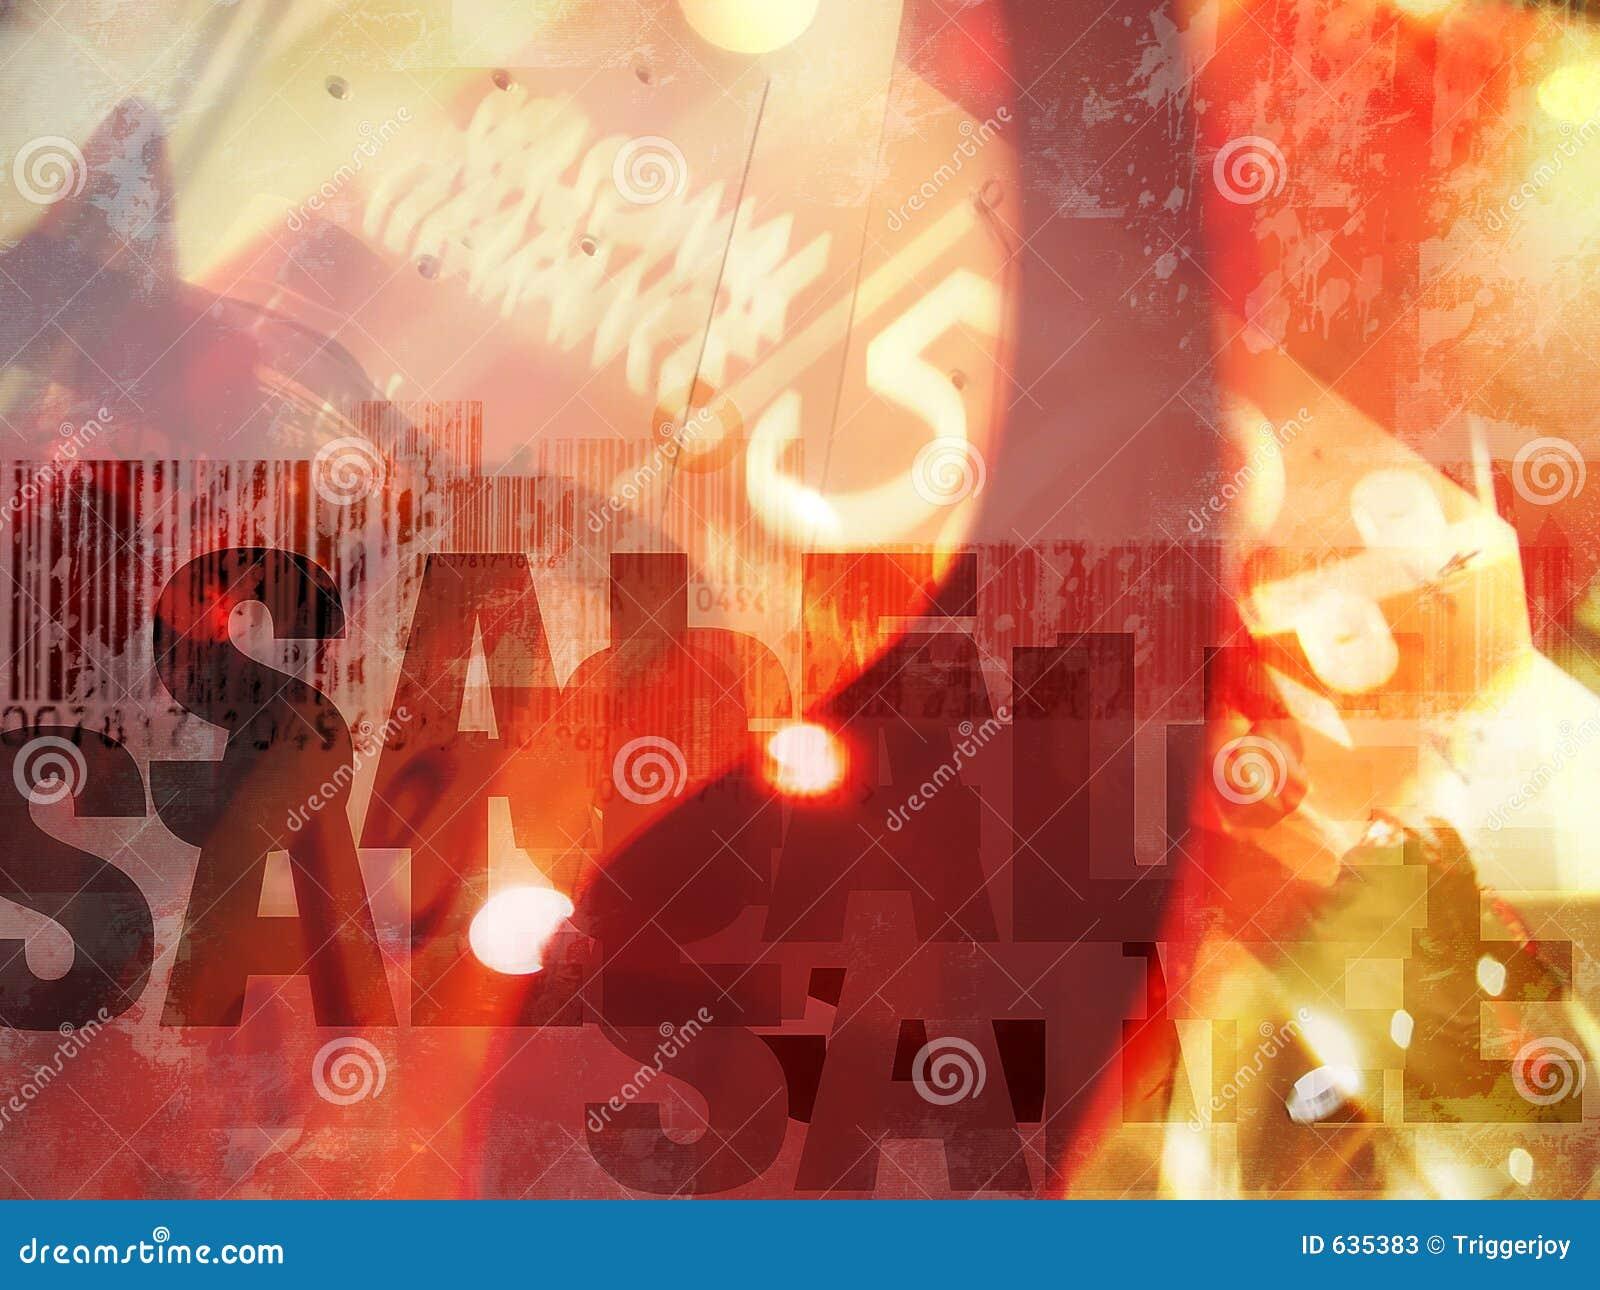 Download сбывание торговой сделки иллюстрация штока. иллюстрации насчитывающей текстурно - 635383
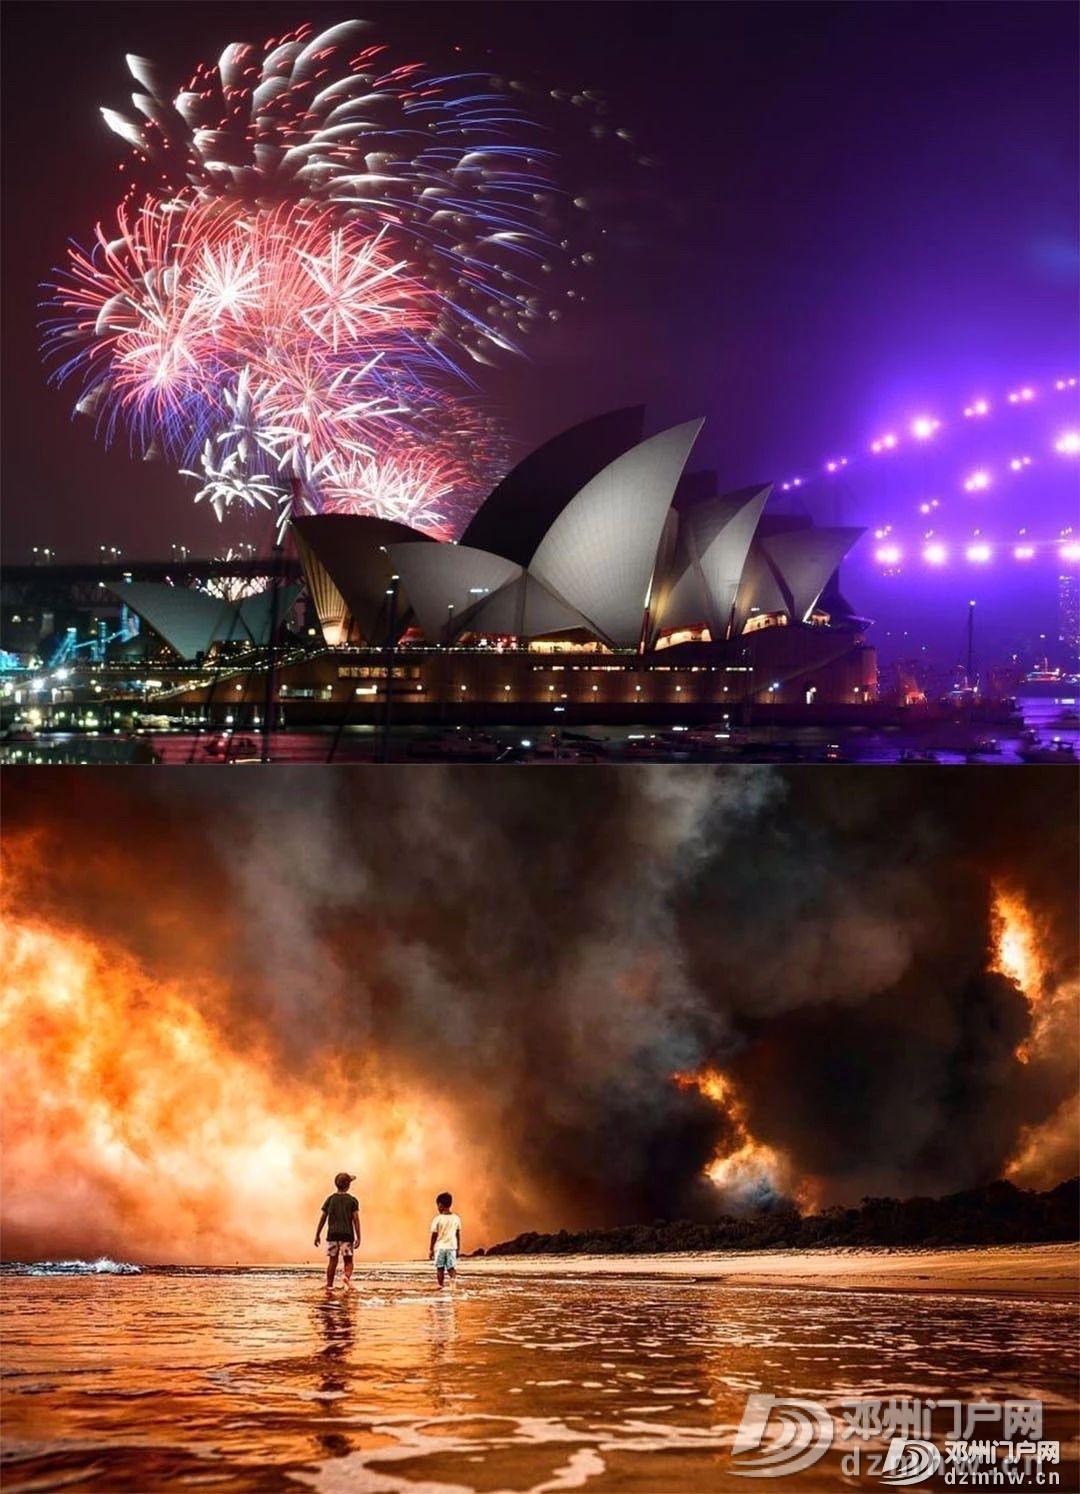 没有澳洲这场大火,我都不知道中国33年前这么厉害! - 邓州门户网|邓州网 - 35ff1609dd0a327eb18b3ed6c6390c1f.jpg
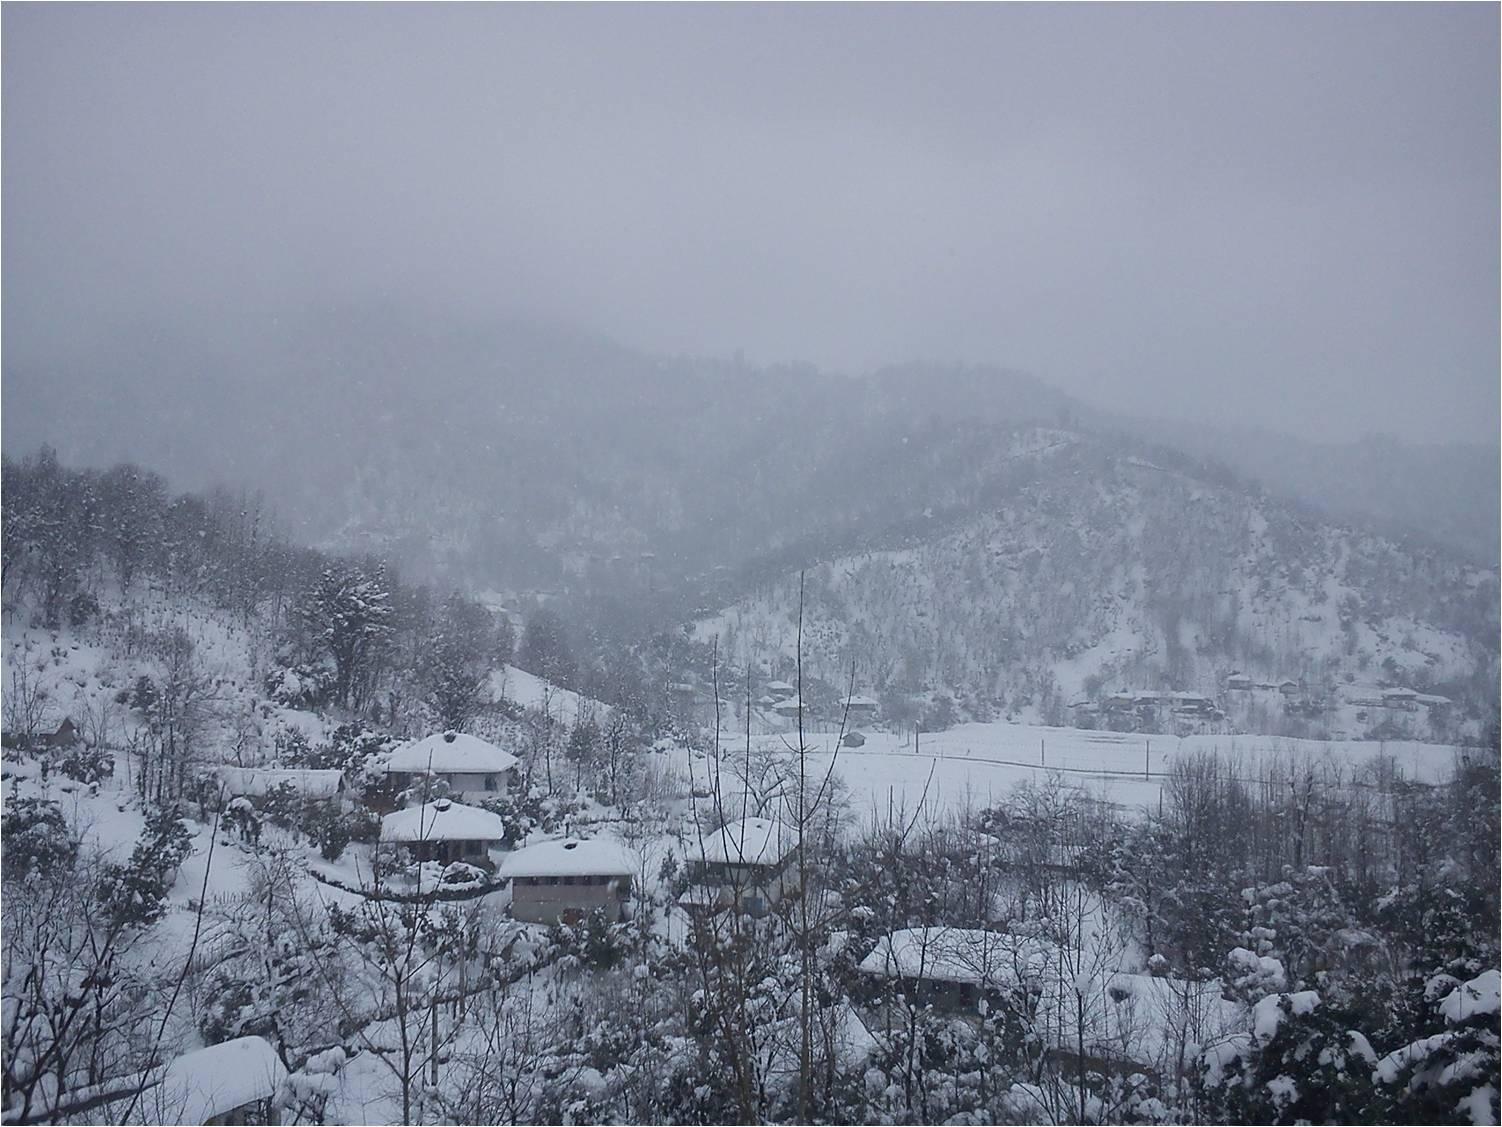 نوروز محله در یک روز زمستانی برفی

- **Task description**:
From the line containing "没有澳洲这场大火,我都不知道中国33年前这么厉害! - 邓州门户网|邓州网" through the last line of the listing, inclusive, transcribe every line exactly and nothing else; the pictures stay out.

- **Response to this exercise**:
 没有澳洲这场大火,我都不知道中国33年前这么厉害! - 邓州门户网|邓州网 - 35ff1609dd0a327eb18b3ed6c6390c1f.jpg
 نوروز محله در یک روز زمستانی برفی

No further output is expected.